- Education: University of Oxford (PhD, 1975)
- Known for: Research on quantum dots, polaritons, and photonic structures in semiconductor nanostructures
- Awards: Fellow of the Royal Society
- Scientific career
- Fields: Condensed matter physics Semiconductor physics Nanostructures
- Workplaces: University of Sheffield Royal Signals and Radar Establishment, Malvern Max Planck Institute, Grenoble

= Maurice Skolnick =

British physicist and condensed matter researcher

Maurice Sidney Skolnick is a British physicist and Emeritus Professor of Experimental Condensed Matter Physics at the University of Sheffield. His research concerns the optoelectronic properties of semiconductor materials and nanostructures, including quantum dots, semiconductor microcavities and photonic crystals.

He was elected a Fellow of the Royal Society in 2009 and a foreign member of the Russian Academy of Sciences in 2011.

==Education==

In 1972, Skolnick obtained a BSc with first-class honours at the University of Oxford. In 1975, he completed a PhD. His doctoral thesis, supervised by R. A. Stradling, was titled Infrared Studies of Semiconductors.

==Career==

Skolnick spent two years as a postdoctoral researcher at the Max Planck Institute for Solid State Research. In 1978, he moved to the Royal Signals and Radar Establishment (RSRE) in Malvern, where he worked for thirteen years. In 1984, he was also a visiting scientist at Bell Laboratories.

In January 1991, Skolnick was appointed Professor of Condensed Matter Physics at the University of Sheffield, a position he held until his retirement. He became Emeritus Professor in September 2025. At Sheffield, he headed the university's semiconductor physics research group. He has also served as Research Director, and previously as deputy and co-director, of the EPSRC National Centre for III–V Technologies at Sheffield, later renamed the National Epitaxy Facility.

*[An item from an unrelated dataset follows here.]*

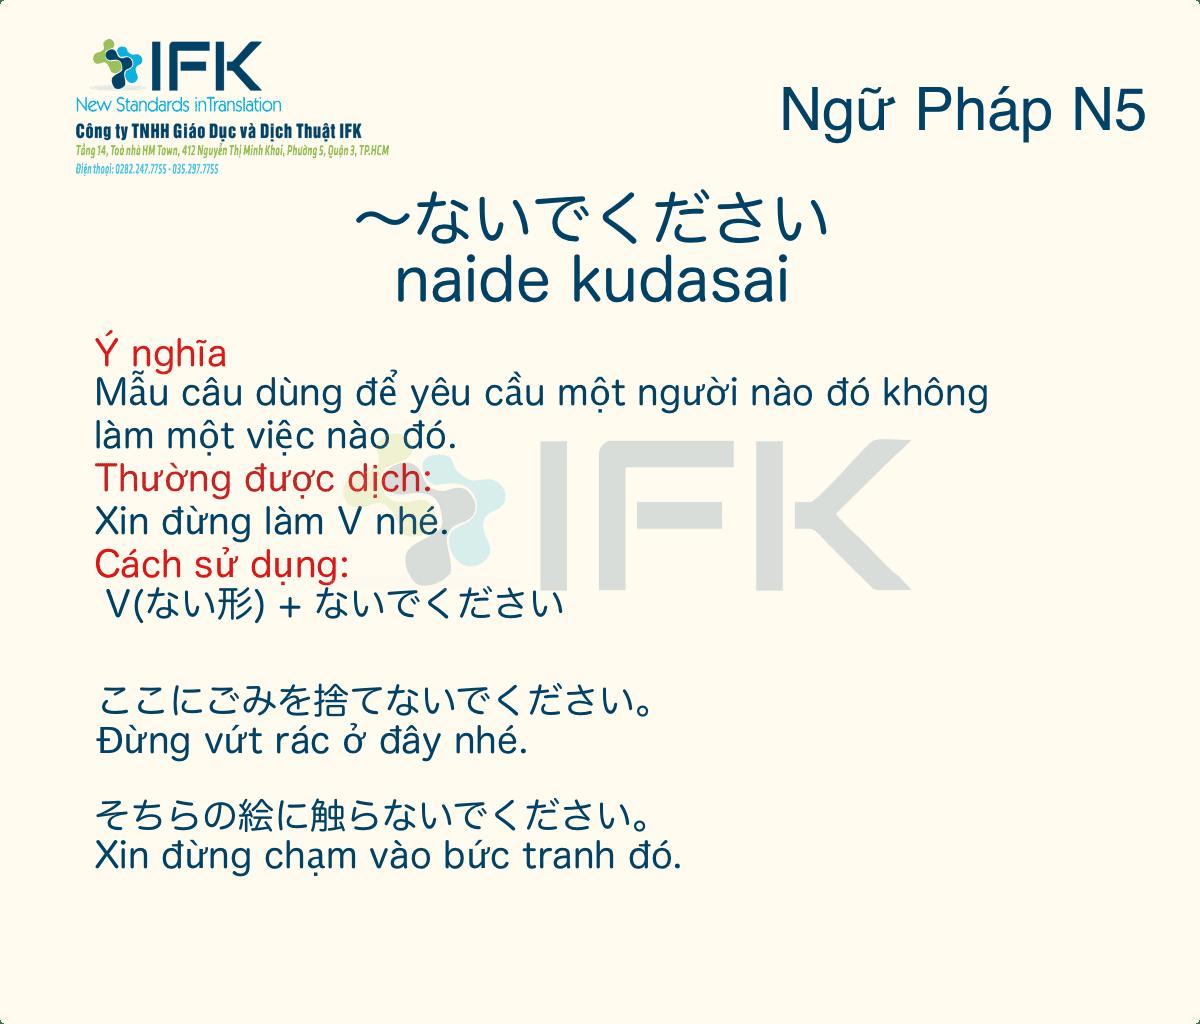 Ngu Phap N5 ないでください

Skolnick was chair of the Semiconductor Commission and a vice-president of the International Union of Pure and Applied Physics from 2002 to 2005. He held an EPSRC Senior Research Fellowship from 2001 to 2006 and received a five-year European Research Council Advanced Investigator Grant in 2012.

==Research==

Skolnick used cyclotron resonance techniques to study the band structure of III–V semiconductors, including the valence band of gallium arsenide. In the late 1970s, while working at the Max Planck Institute with D. Bimberg, he contributed to experimental studies of electron–hole liquids in compound semiconductors.

He contributed to work on magnetic-field-induced indirect gaps in semiconductor systems with D. M. Whittaker. He reported an early observation of population inversion in semiconductor quantum wells using resonant-tunnelling techniques with J. W. Cockburn, h.

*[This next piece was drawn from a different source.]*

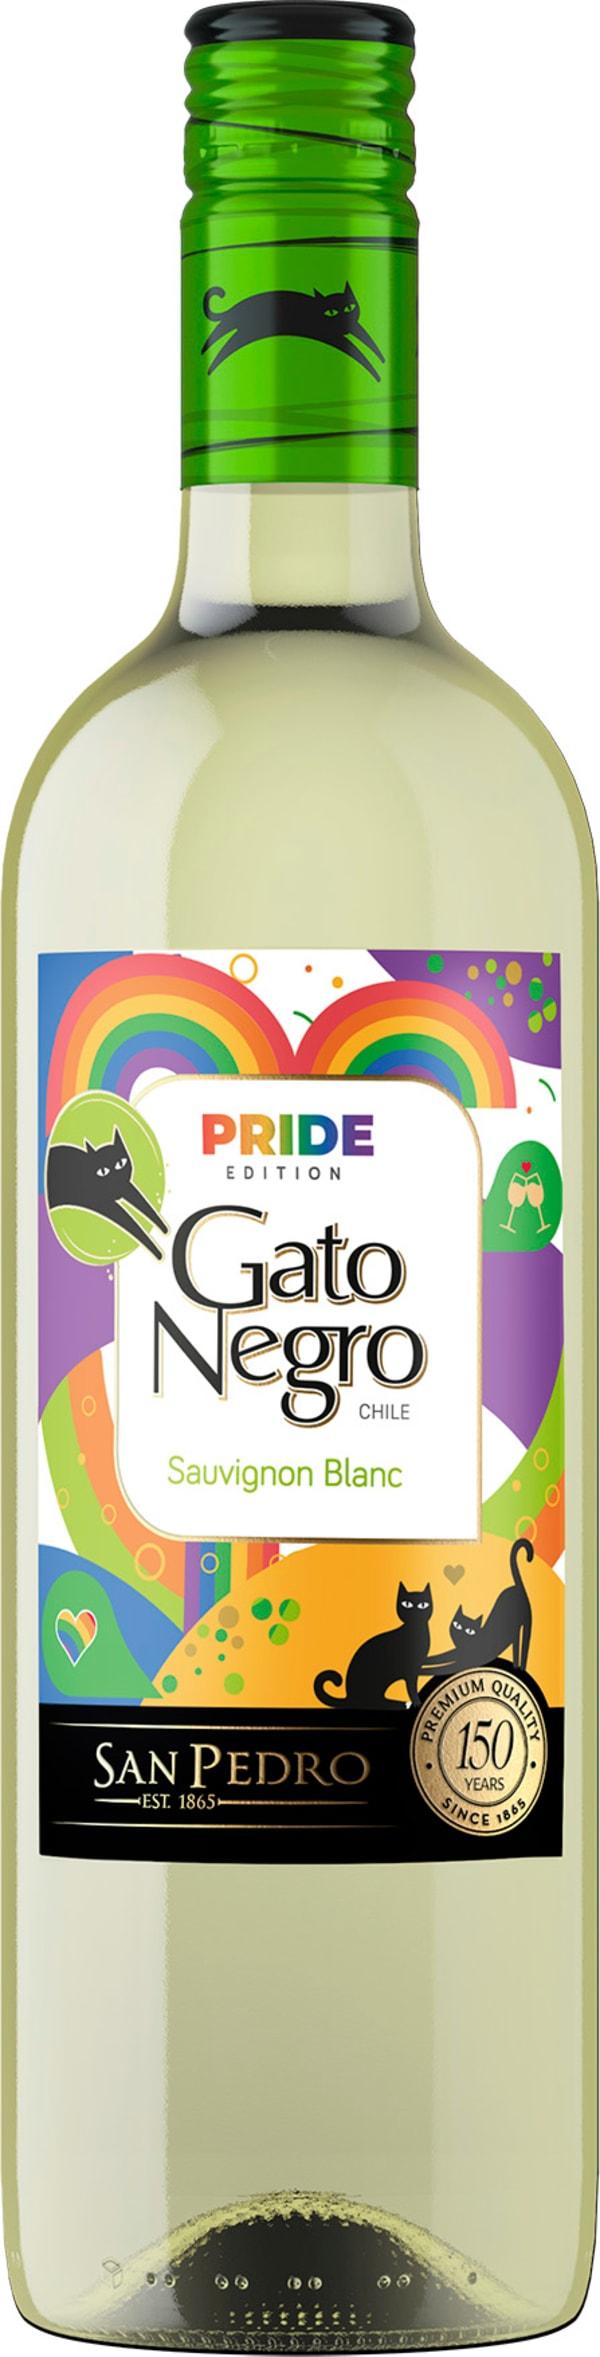 Gato Negro Sauvignon Blanc 2020

From 1995 onwards, Skolnick worked extensively on the physics of exciton-polaritons in semiconductor microcavities, including electric-field and temperature tuning of exciton-photon coupling. His Sheffield group, in collaboration with J. J. Baumberg, reported continuous-wave stimulated scattering in semiconductor microcavities in 2000.

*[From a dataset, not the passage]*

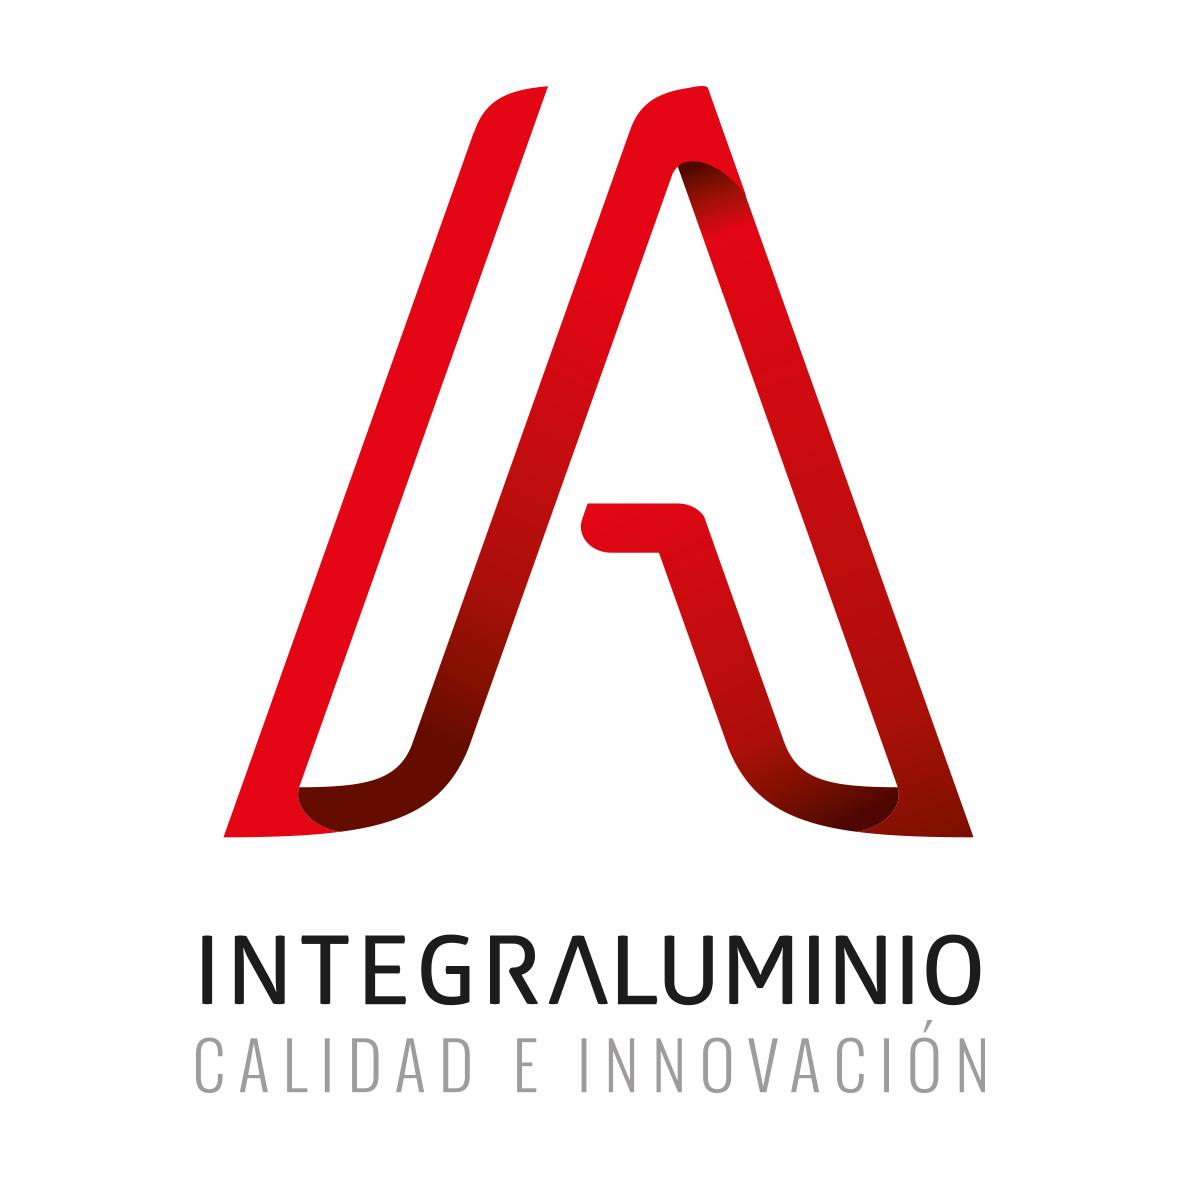 Integraluminio

His research group also contributed to studies of Bose–Einstein condensation and superfluid behaviour in polariton systems.

He studied quantum-dot energy levels, carrier relaxation mechanisms and the alignment of electron and hole wavefunctions within quantum dots.

He worked on phonon-assisted population inversion of single quantum dots using pulsed laser excitation, a mechanism used to demonstrate on-demand single-photon emission.

His group has also developed quantum-dot-based single-photon sources embedded in photonic-crystal cavities and waveguides, including sources operating at telecommunications wavelengths.

==AegiQ==

In December 2019, Skolnick was one of four co-founders of AegiQ, a quantum photonics spin-out company from the University of Sheffield, alongside Maksym Sich, Scott Dufferwiel and Jon Heffernan. The company develops single-photon sources and photonic quantum-computing hardware based on research originating at the University of Sheffield.

==Awards and honours==

- Mott Medal and Prize of the Institute of Physics (2002), for contributions to the understanding of excitons, defects and interactions in semiconductors.
- Elected Fellow of the Royal Society (2009).
- Foreign Member of the Russian Academy of Sciences (2011).
- Optics and Photonics Prize of the Institute of Physics (2018), for work on coupled light-matter systems and quantum optical circuits based on semiconductor quantum dots.